Jesus would not even speak in front of Herod–a man He calls a fox and has no respect for
Herod mocks Jesus by putting a robe of royalty on Him and then sends Him back to Pilate
Now we arrive at the end of the trial. It is time for the final verdict.
The enemies of Christ have exhausted all of their avenues.
From the Sanhedrin to Pilate to Herod and now back to Pilate
They must secure a guilty verdict that is punishable by death
They must convince Pilate that Jesus is not just a blasphemer, but an insurrectionist who poses a threat to Rome
And if they can’t, they must use the people to pressure him
And that is exactly what they will do
These passages just keep getting more and more uncomfortable.
We don’t want to see Jesus go through this.
We don’t want Him to die.
We have been studying Luke since July 2020.
We have been walking with Jesus in Luke for 2 and ½ years.
He is the greatest Man to ever grace the earth
God in the flesh
Pure and innocent
Gentle and kind
Fierce and loyal
It doesn’t sit right to see Him treated in this way.
To hear any sense of guilt attached to His name
And yet, we know He must.
We know that if those imprisoned by sin are to go free, they will only go free by the shed blood of the Son of God.
Jesus must die.
And the final verdict this morning removed the final hurdle to the Cross
READ Luke 23:13-25
Pilate then called together the chief priests and the rulers and the people, and said to them, “You brought me this man as one who was misleading the people. And after examining him before you, behold, I did not find this man guilty of any of your charges against him. Neither did Herod, for he sent him back to us. Look, nothing deserving death has been done by him. I will therefore punish and release him.”

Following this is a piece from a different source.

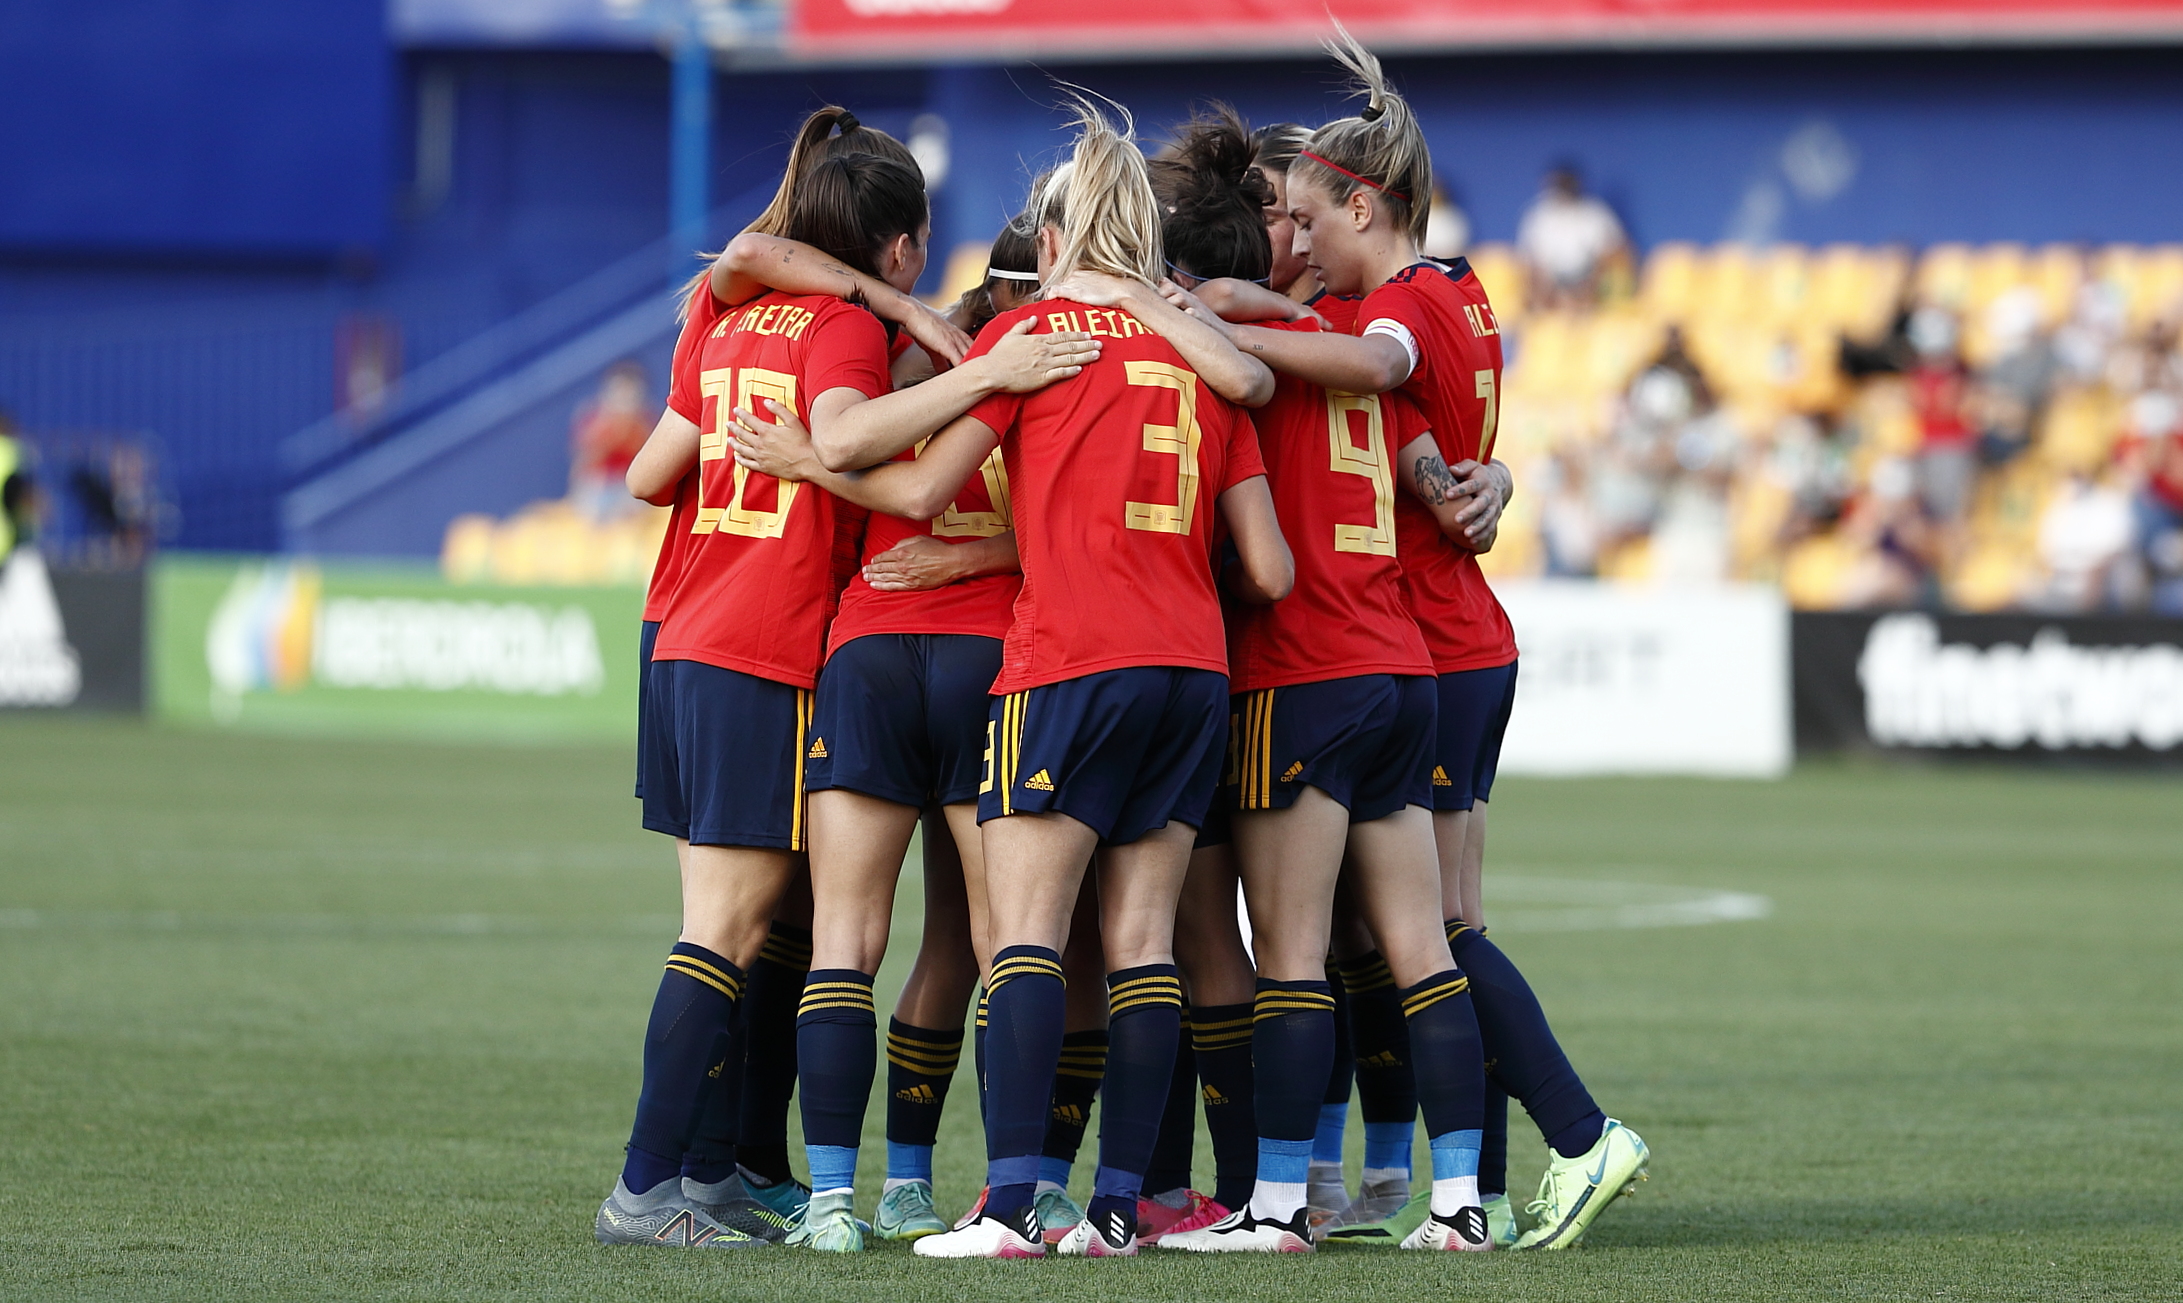 Selección Española Femenina de Fútbol on Twitter: "📝 I La Selección española femenina no conoce límites. 🇪🇸🆚🇩🇰 I 3-0 #JugarLucharYganar 🔗 https://t.co/ujIInTxkUs https://t.co/Swg8m1rMFm" / Twitter

But they all cried out together, “Away with this man, and release to us Barabbas”— a man who had been thrown into prison for an insurrection started in the city and for murder. Pilate addressed them once more, desiring to release Jesus, but they kept shouting, “Crucify, crucify him!” A third time he said to them, “Why? What evil has he done? I have found in him no guilt deserving death. I will therefore punish and release him.” But they were urgent, demanding with loud cries that he should be crucified. And their voices prevailed. So Pilate decided that their demand should be granted. He released the man who had been thrown into prison for insurrection and murder, for whom they asked, but he delivered Jesus over to their will.
THE FINAL INTERROGATION
THE FINAL INTERROGATION
As you read these verses, it is stunning to see how adamant Pilate is that there is no wrong done by Jesus.
Pilate did not have a reputation as a gentle man or an understanding man.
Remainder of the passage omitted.